«Молодчун! – сверху, с крыши, пророкотал горновой. – Я слышал твои мысли… В нашем дворянском собрании публика закоснелая, больше как рассуждает… Ты меня, работушка, не бойся: я тебя не трону. А ты не боишься работушку трогать. Молодчун!..»
7
Я ни у кого не стал спрашивать, как пройти на товарную станцию, а наугад пошёл по шпалам и скоро наткнулся на арбузный состав.
Перегружали в машины сразу вагонов из десяти.
Словно мячи, лёгкие, ликующие, празднично летали над людской цепочкой полосатые шары.
Никем не замеченный я заворожённо присох у крайнего грузовика.
– Я выбираю только у частника, – громко слышалось из вагона.
Сидевший на камне ко мне спиной высокий худой мужчина равнодушно махнул рукой.

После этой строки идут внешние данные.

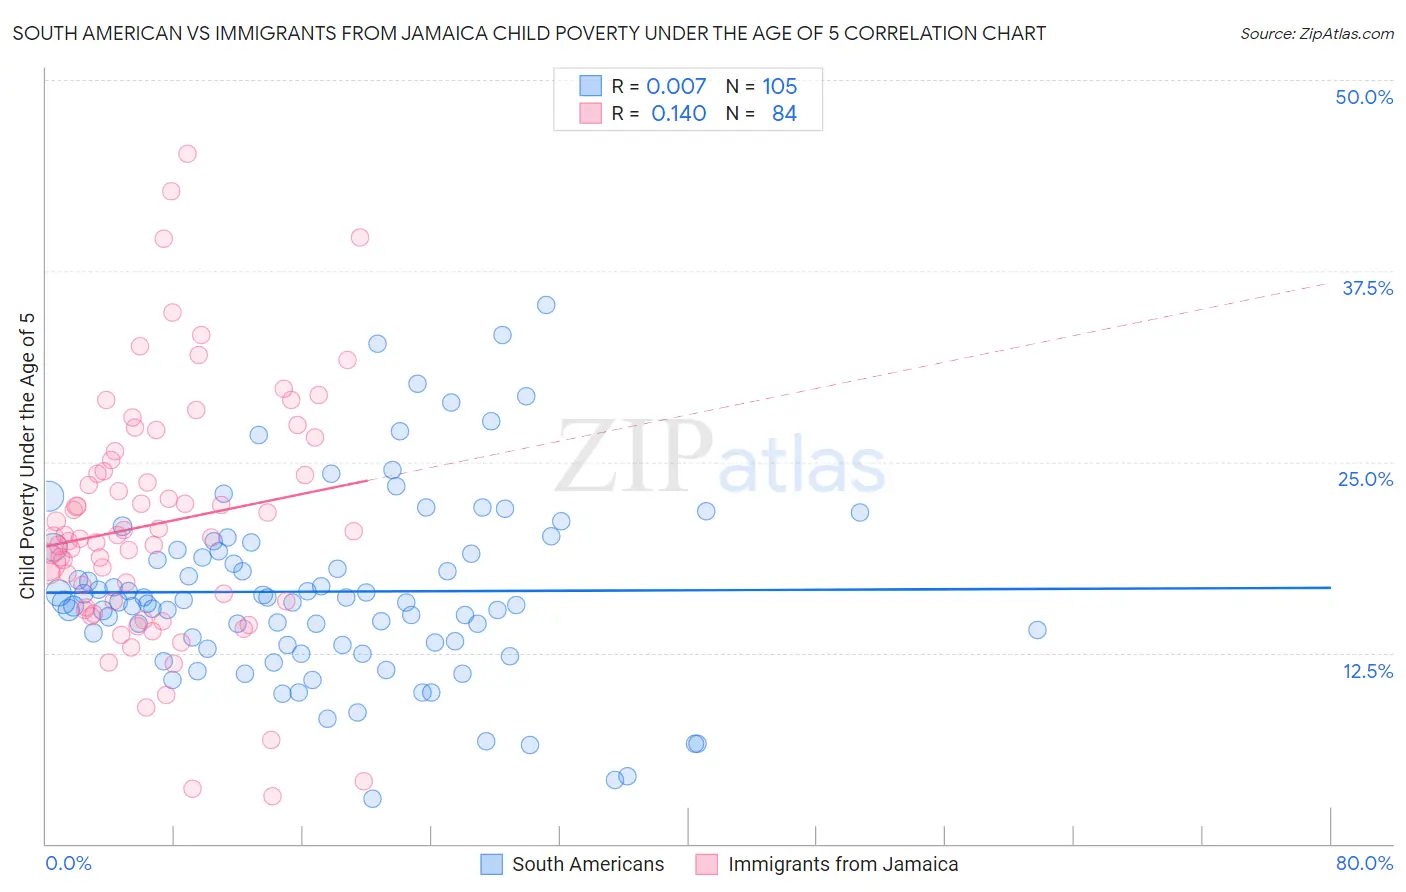 South American vs Immigrants from Jamaica Child Poverty Under the Age of 5

Хохотнул:
– Да что у частника выбирать? У частника все спелые. Мети взаподрядку. Не промахнёшься! Но на рынок не набегаешься… А в магазине и битые, и надзелень. Надо выбирать. Я думаю, мой метод верный! Одни стучат, определяют на звук, другие давят… по треску… Я этими признаками пользоваться не умею. Может, они и верные… Лично я выскакиваю на таких… Первый. Смотрю, чтоб рисунок на корке был чёткий. Второй. Поверхность блестящая, а не матовая. И самый главный признак третий. Я обязательно смотрю место завязи – где цвёл цветок. Это место в противоположной стороне от плети… Ещё по нему определяют, арбуз это или арбузиха… Так вот, место завязи у зелёных выпуклое. У спелых вогнутое. У переспелых сильно вогнутое к центру арбуза. И к тому же переспелик падает в весе. Возьми в руку – неестественно лёгкий.
Мужчина даже вынес руку перед собой, подвигал на весу, как бы взвешивая невидимый арбуз. И тут же, давая понять, что ещё не кончил свои мысли, зовуще похлопал, снова заговорил, повысив голос, собирая, подживляя упавшее внимание слушавших.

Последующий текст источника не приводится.